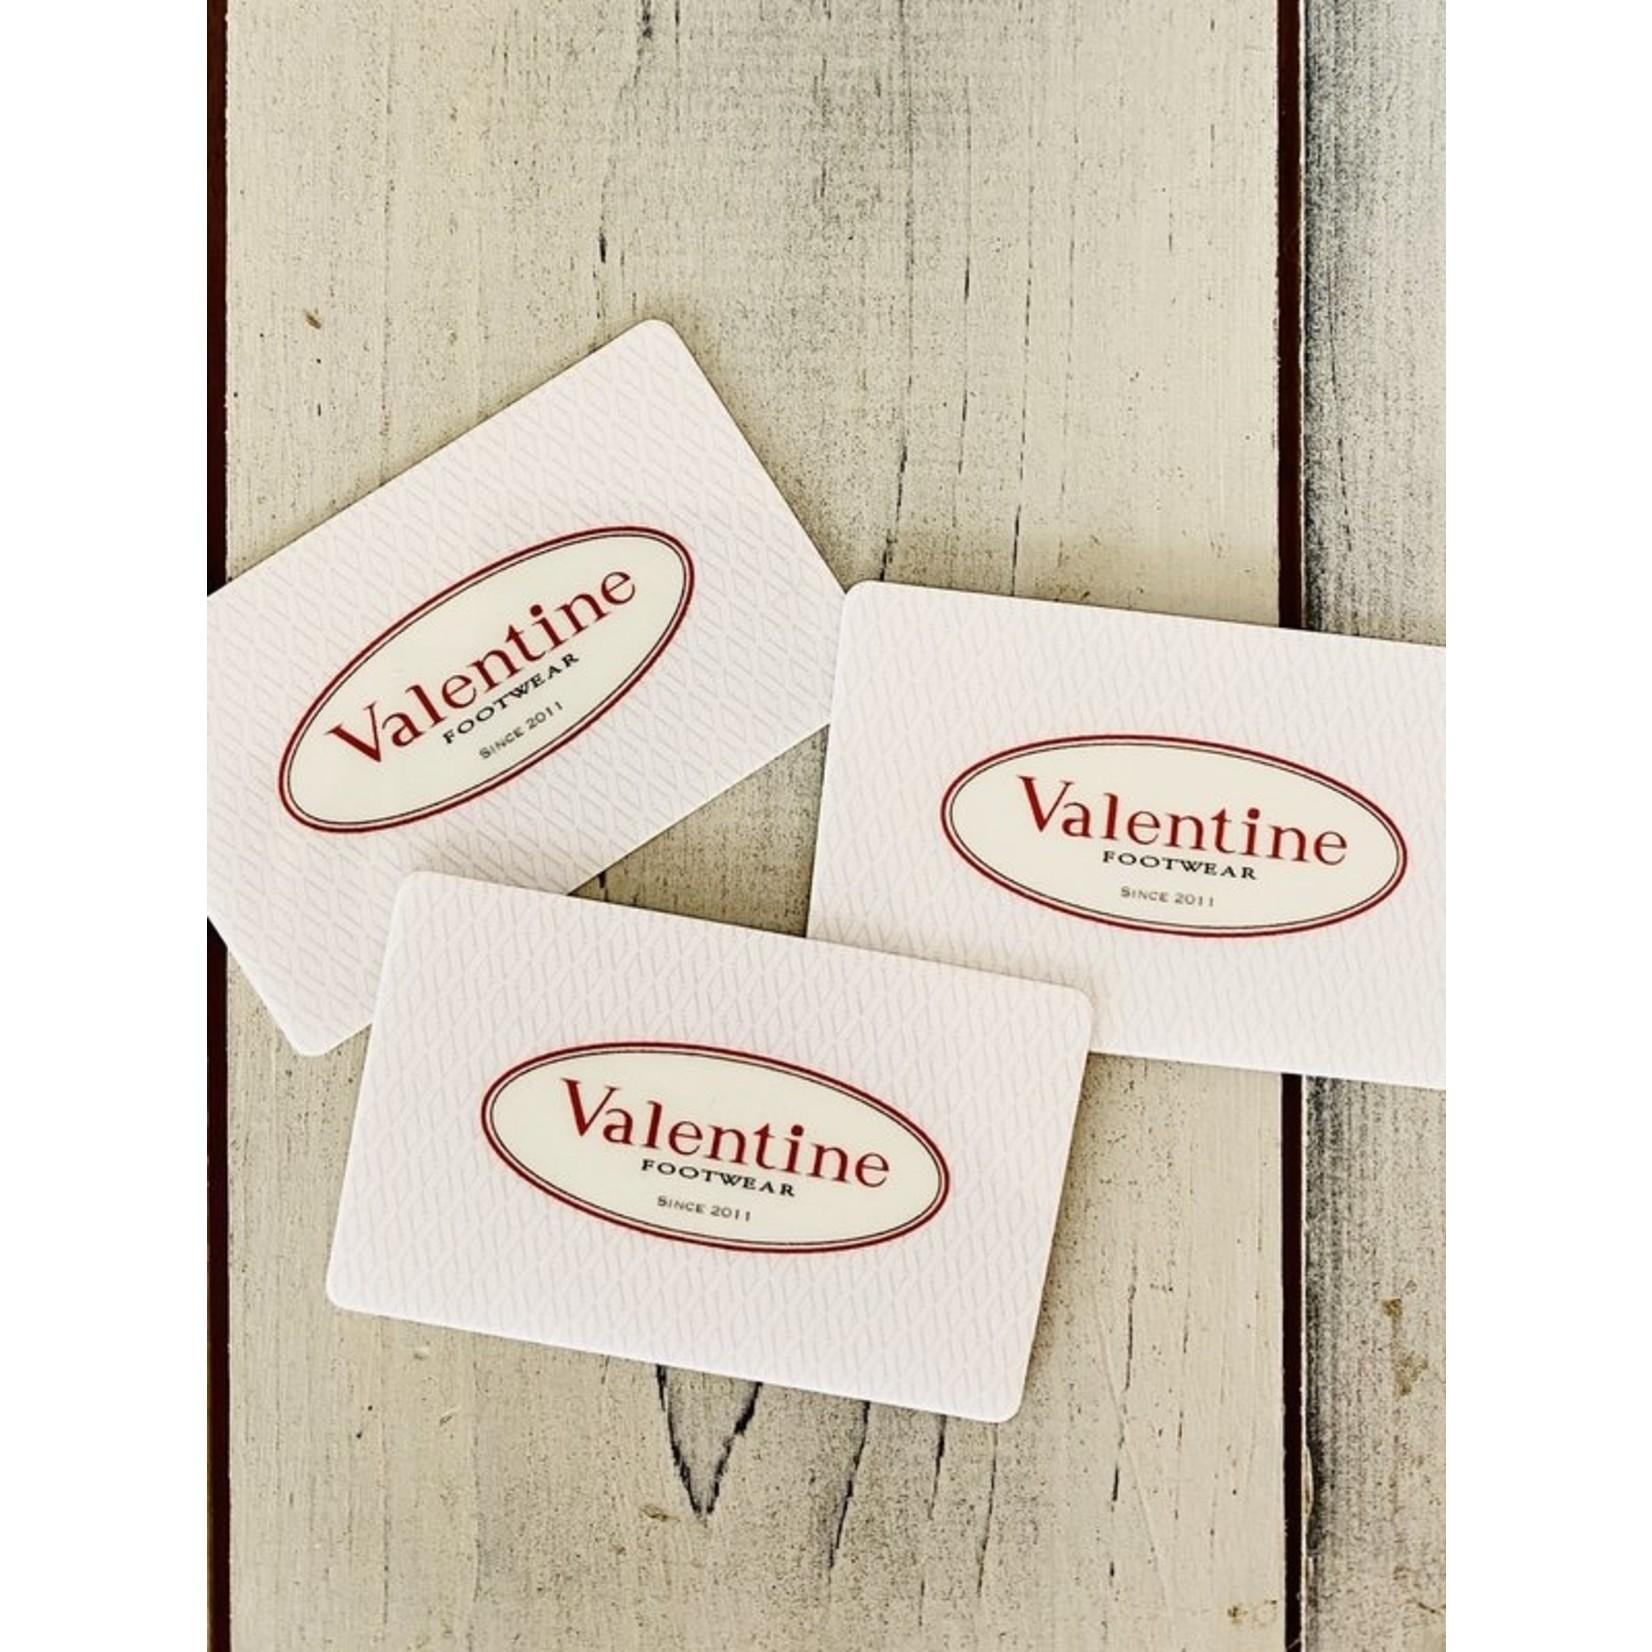 Valentine Footwear $50 Gift Card
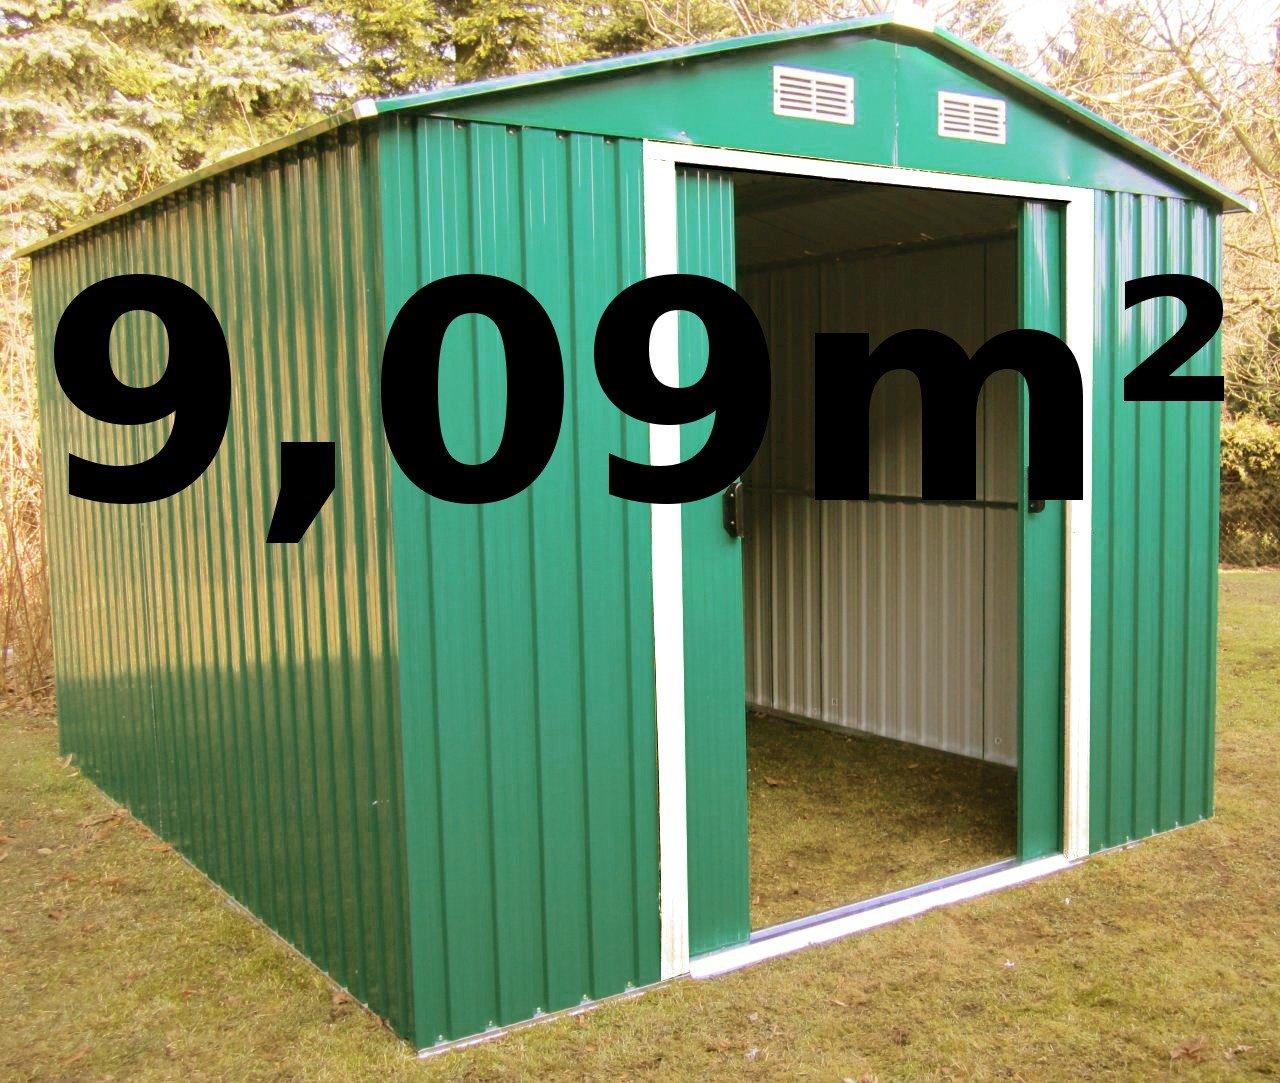 Gartenhaus Geräteschuppen 9,09m² aus verzinktem Stahlblech Metall grün von AS-S
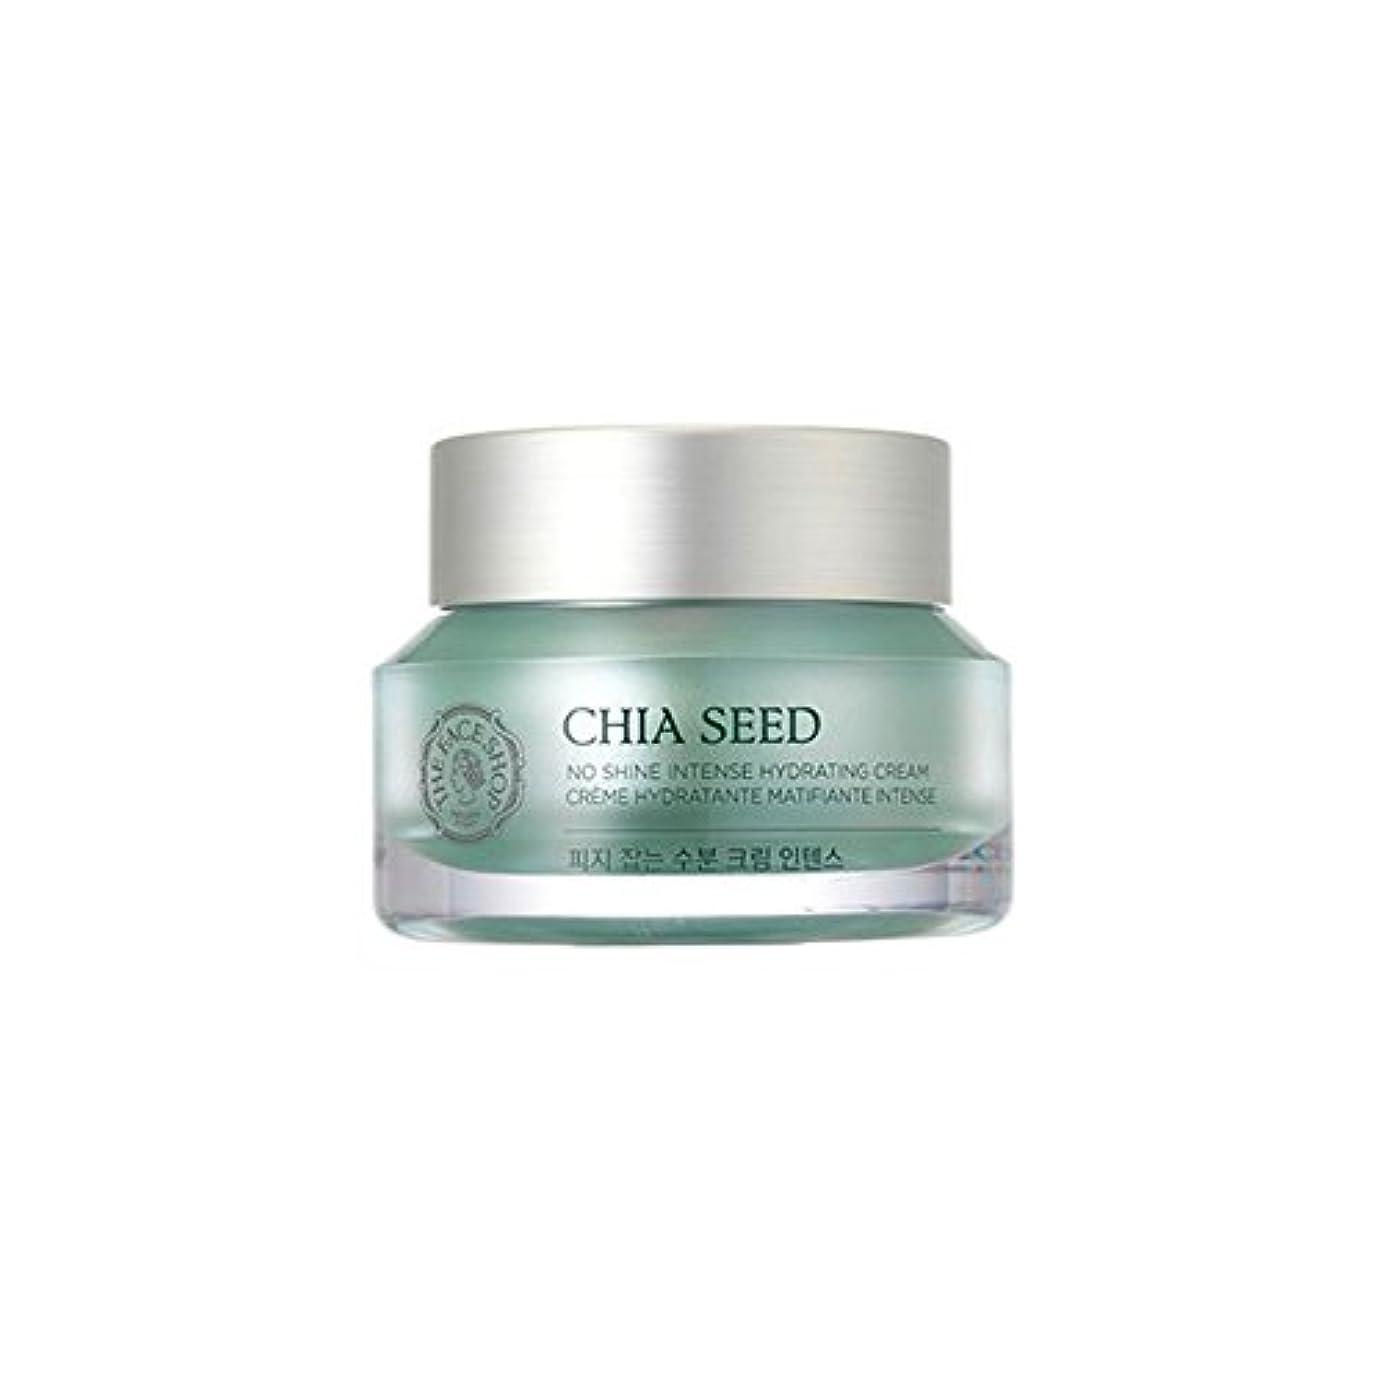 考案する押し下げる叫ぶ[ザ·フェイスショップ]The Face Shop チアシードノーシャインインテンス水分クリーム(50ml) The Face Shop Chia Seed No Shine Intense Hydrating Cream...

===============

## Work item
Retype the listing above exactly, please. Pictures do not belong in the copy.

## Exercise answer
 Valentine Footwear $50 Gift Card
 Gartenhaus Geräteschuppen 9,09m² aus verzinktem Stahlblech Metall grün von AS-S
 考案する押し下げる叫ぶ[ザ·フェイスショップ]The Face Shop チアシードノーシャインインテンス水分クリーム(50ml) The Face Shop Chia Seed No Shine Intense Hydrating Cream...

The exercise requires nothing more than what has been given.